Sporting venue in Hawthorn, Victoria

St James Park (formerly known as West Hawthorn Reserve) is an Australian rules football and cricket venue located in the Melbourne suburb of Hawthorn. The name also refers to the wider public park in which the main oval is located.

The ground was opened in 1861 and was originally known as the Hawthorn Cricket Ground. It was the home ground of the Hawthorn Football Club for its inaugural season in 1902.

As of 2026, St James Park is the home of the Swinburne University Football Club in the Victorian Amateur Football Association (VAFA). The club nicknames the ground "The Pig Pen" or "The Porktress".

==History==
In 1858, the Road Board (under the Boroondara Road District) sought to secure certain grounds opposite the residence of James Frederick Palmer, the president of the Victorian Legislative Council. The land was originally reserved by the Crown and known as West Hawthorn Reserve or Hawthorn Recreation Reserve. It was gazetted as a public reserve in February 1861. Cricket was first played at the ground in the 1870s, while football was recorded for the first time in 1881.

By 1900, the Hawthorn Cricket Ground was fenced and had six entry gates. Victorian Junior Football Association (VJFA) club used the ground during the 1900 season.

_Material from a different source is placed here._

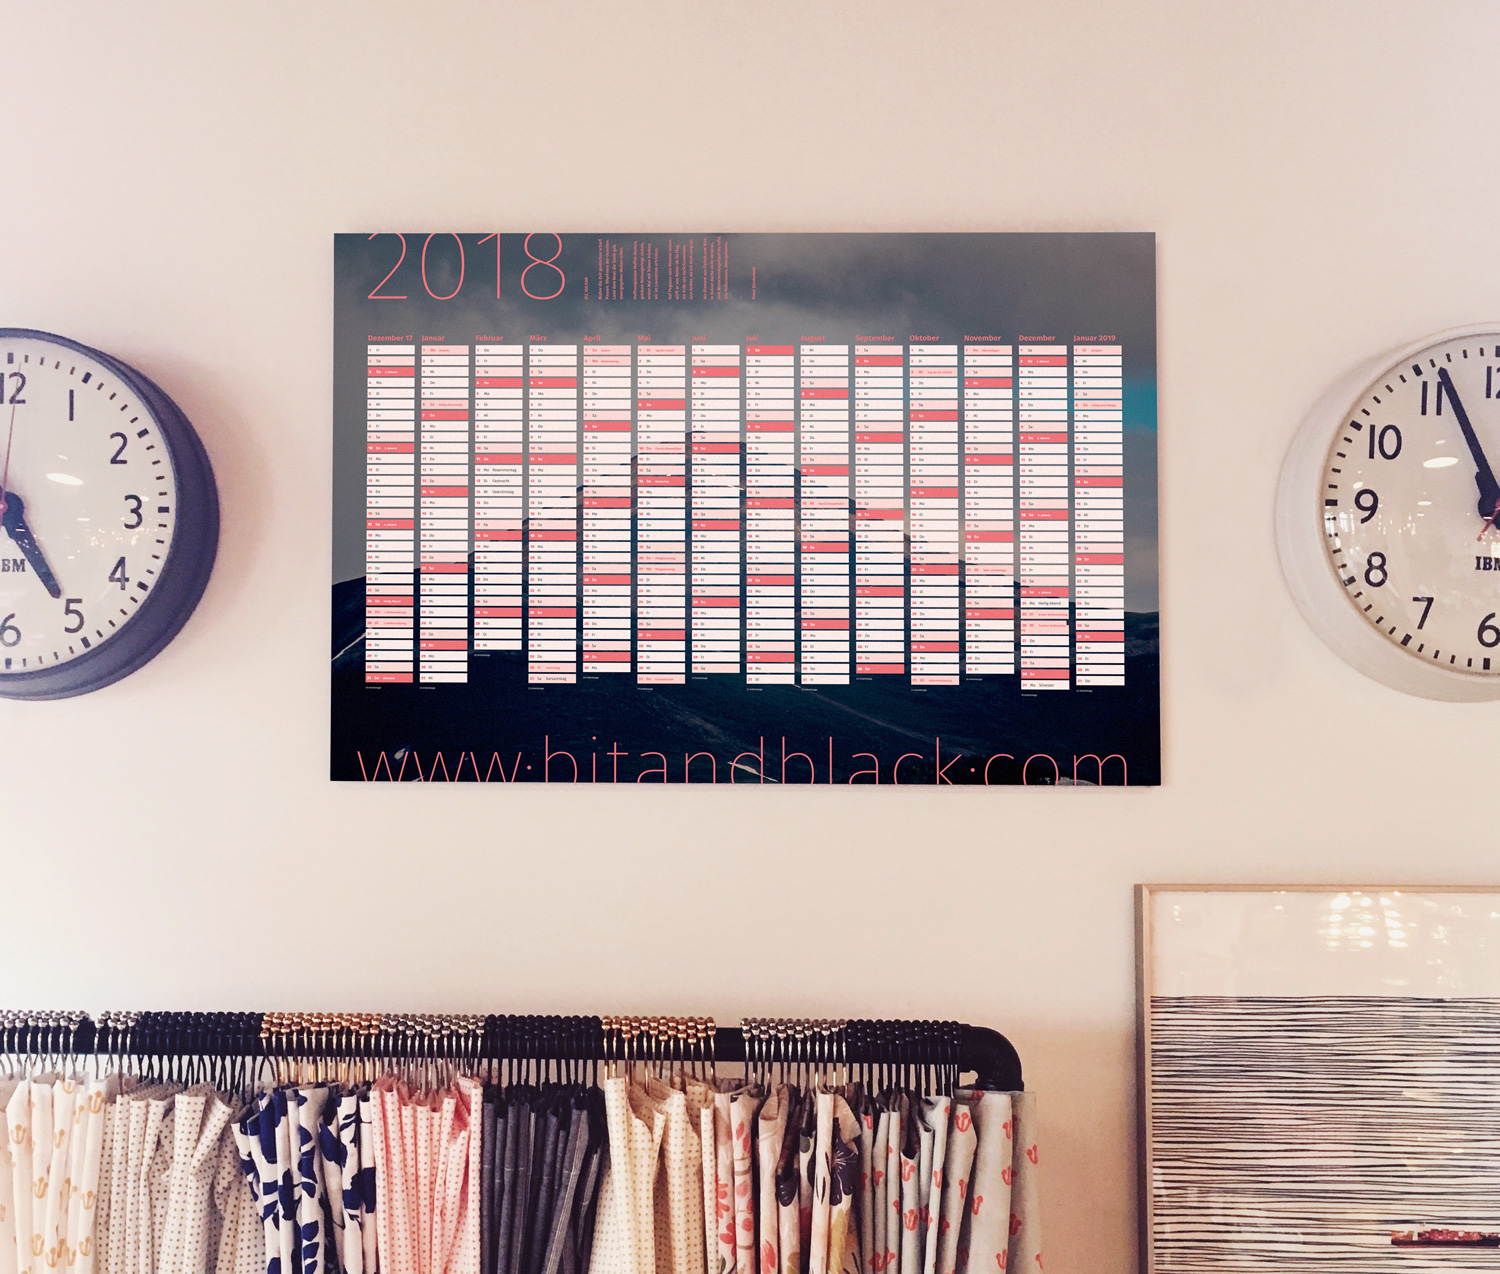 All-year wall calendar in German language. It has been set in five colors in Fira Sans and includes day digits and names, the names of German holidays and the number of working days per month

In April 1902, the Hawthorn Football Club was formed and entered the Metropolitan Junior Football Association (MJFA), playing its home matches at the Hawthorn Cricket Ground. After one season, Hawthorn moved to Richmond Racecourse because of conditions imposed by the Hawthorn Cricket Club.

Both the Diggers Football Club and the West Hawthorn Presbyterian Football Club were given permission to use the ground during the 1924 season.

The Hawthorn War Memorial was opened at St James Park in 1929.

The "St James Park" name originated from Palmer's estate, but it was also used by the St James Park Football Club, which played at the ground in 1887. It was not used as an official name until the 1970s.

On 1 September 1982, St James Park was placed on a non-statutory local government heritage list; and the Victorian branch of the National Trust also added to a non-statutory list on an unknown date.

St James Park has been utilised by Hawthorn West Primary School (formerly known as Hawthorn West State School) for sporting activities as early as the 1920s.

==Transport access==
St James Park is primarily serviced by tram route 75, which stops directly outside the Burwood Road end of the ground. The Hawthorn railway station is a short walking distance from the ground.